Ce qui compte vraiment maintenant, c’est ce qui se passe au Comité des travaux publics et de l’infrastructure le 30 mars. C’est là que le personnel va présenter ses recommandations. Les membres du comité vont poser des questions. Des délégations de Manor Park vont faire valoir leur point. Ensuite ça passe au conseil complet pour une décision finale.

J’ai assisté à d’innombrables réunions de comité comme celle-là. Elles suivent un rythme prévisible. Le personnel présente une analyse technique. Les résidents apportent des appels émotionnels et leur expérience vécue. Les conseillers essaient de balancer des intérêts concurrents tout en pensant à la prochaine élection. Les décisions sur les infrastructures deviennent un référendum sur l’identité du quartier.

Le différentiel de coût que présente la Ville est substantiel. Dépenser 320 000 $ à 520 000 $ de plus plus tard n’est pas fiscalement responsable selon n’importe quelle mesure standard. Mais les résidents rétorquent que dépenser 180 000 $ sur une infrastructure non désirée n’est pas responsable non plus. Ils aimeraient mieux que la Ville laisse juste les choses tranquilles.

Le commentaire de Porter à propos du fait que les choses étaient réglées résonne avec une frustration plus large que je remarque. Les résidents ont l’impression d’avoir déjà gagné cette bataille. Ils se sont présentés aux réunions. Ils ont fait des présentations. La Ville a reporté le projet. Ça aurait dû être la fin. Maintenant ils apprennent que reporté ne veut pas dire vaincu.

C’est là que la politique municipale devient messy. Le personnel croit toujours que les trottoirs sont la bonne réponse. Ils ont des standards professionnels et des meilleures pratiques qui guident leurs recommandations. Un round d’opposition communautaire ne change pas nécessairement l’analyse sous-jacente. Alors le projet revient, peut-être avec des ajustements mineurs, et le débat recommence à zéro.

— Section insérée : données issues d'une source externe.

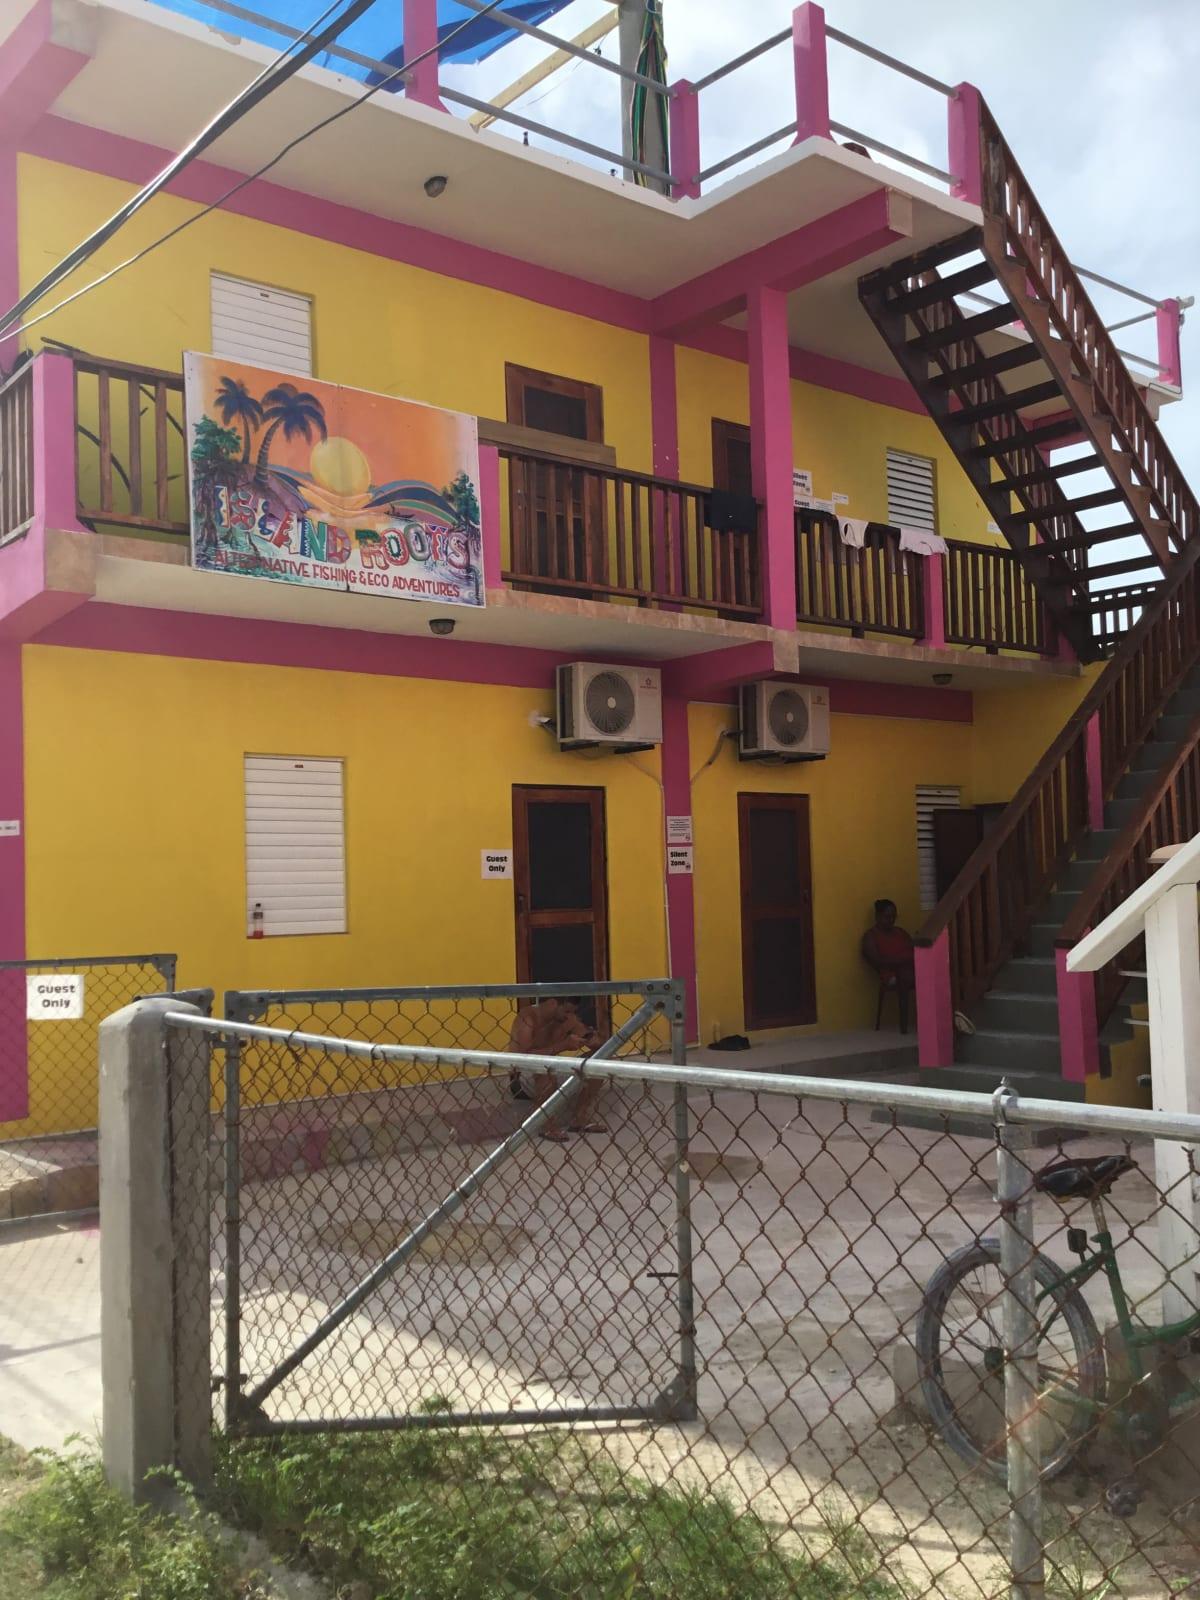 Travellers Palm Backpackers Hostel, Caye Caulker, Belize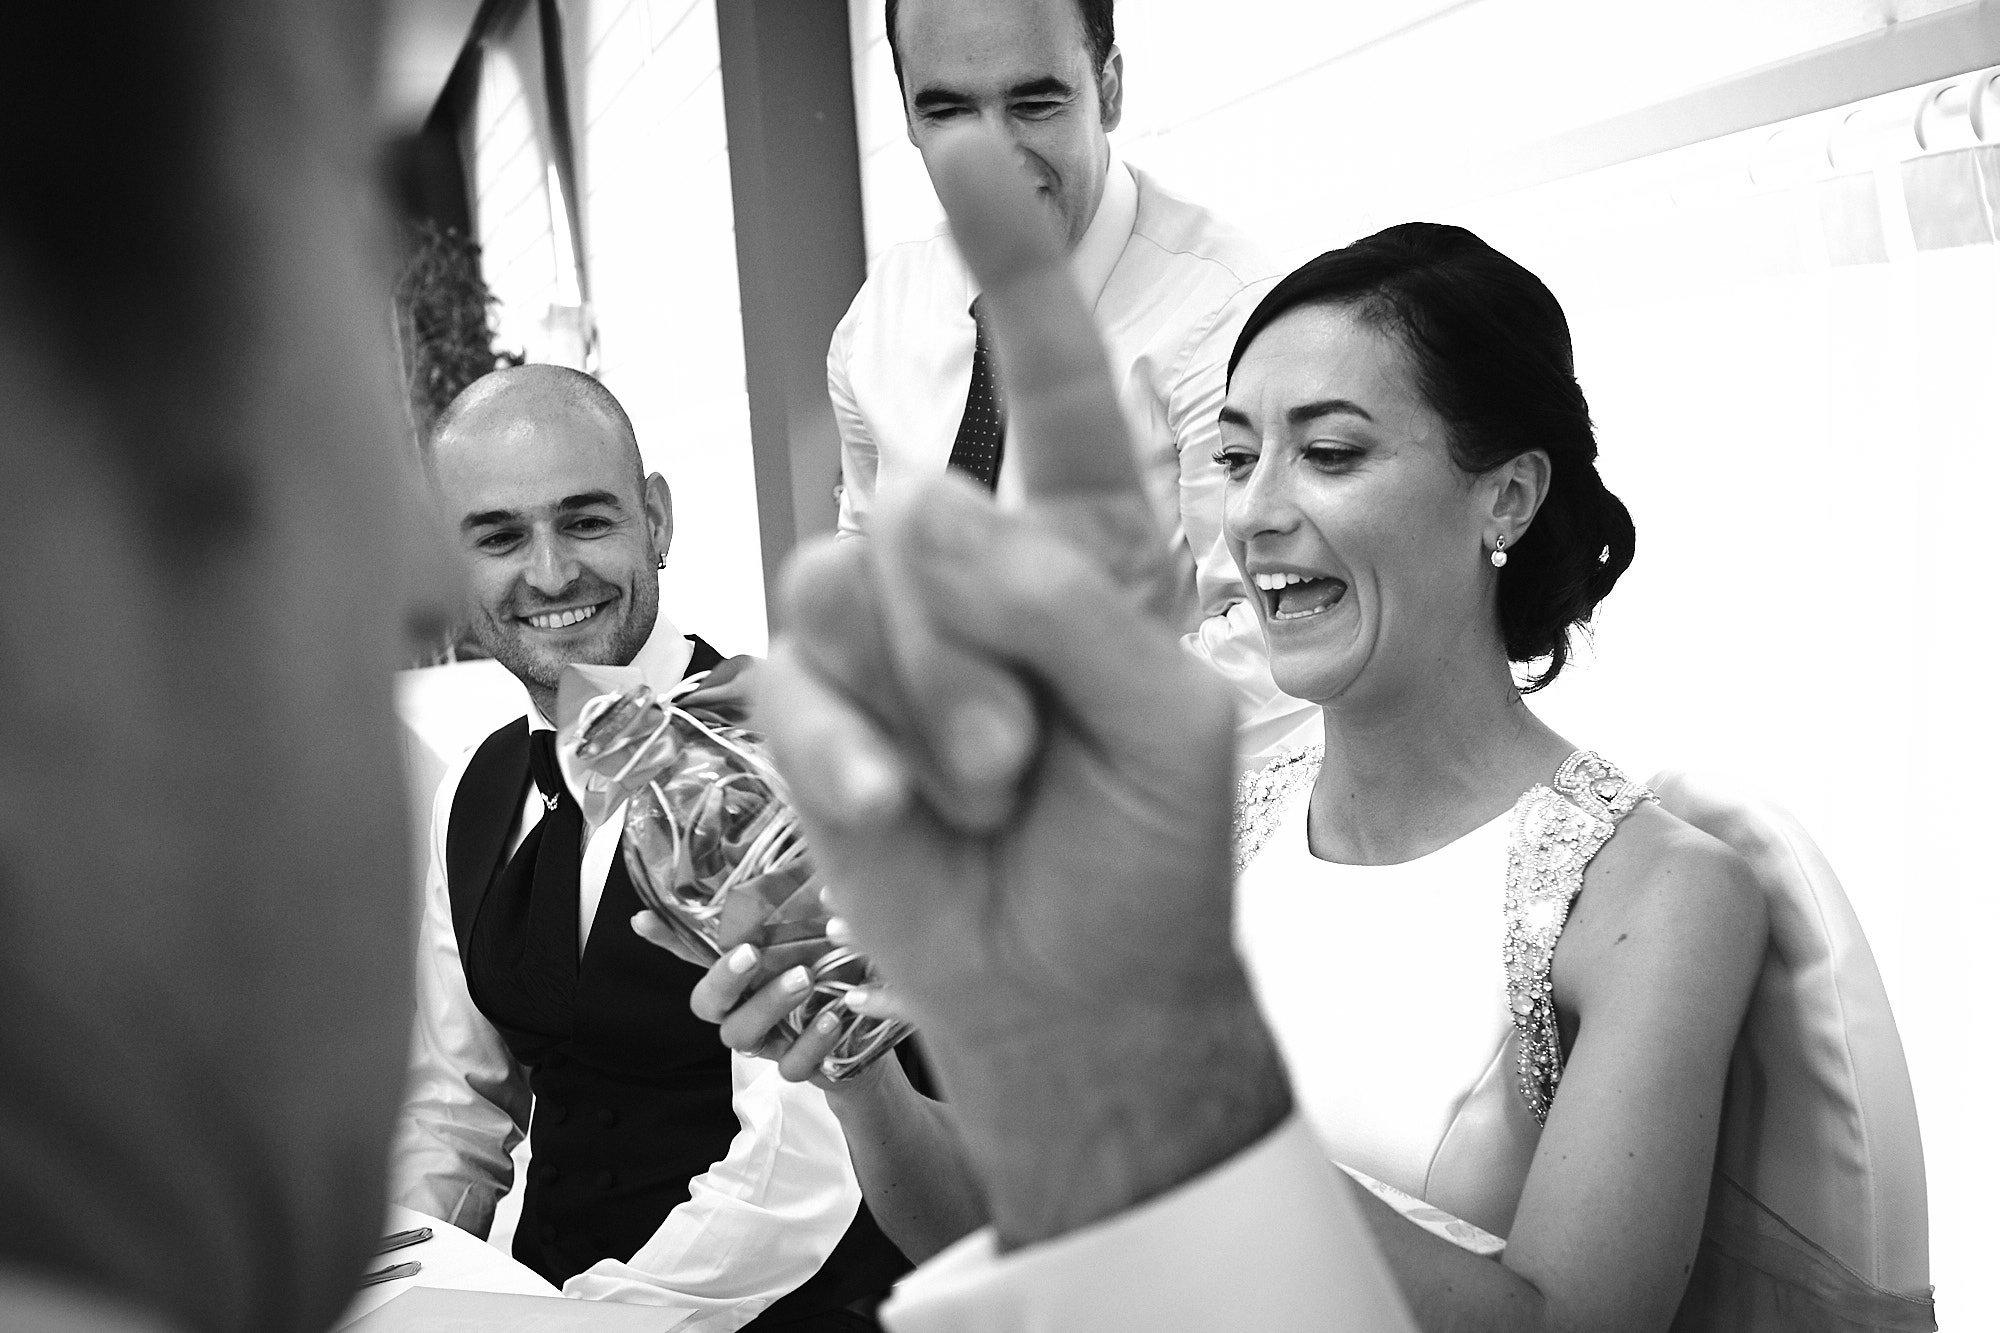 boda real en hotel restaurnte olimpo isla cantabria www.fabriziomaulella.com

Je suis curieux de savoir si le personnel de la Ville va présenter des options modifiées cette fois-ci. Peut-être des trottoirs sur moins de rues. Peut-être des matériaux ou des designs différents. Peut-être des engagements d’entretien améliorés. Ou peut-être qu’ils vont rester avec le plan original et faire valoir leur point plus fortement.

Ce que les résidents de Manor Park vivent n’est pas unique. J’ai couvert des débats similaires à Westboro, dans le Glebe, à Rockcliffe Park et dans d’autres quartiers établis. Le changement arrive lentement dans les secteurs avec une forte identité communautaire. Quand il arrive, il arrive rarement sans bataille.

La réunion du comité le 30 mars va nous en dire long. Si le personnel recommande de procéder malgré l’opposition, ça signale une confiance dans leur position. S’ils recommandent plus de consultation ou des plans modifiés, la pression communautaire fonctionne. Dans tous les cas, Peter Burpee a raison. La bataille n’est définitivement pas terminée.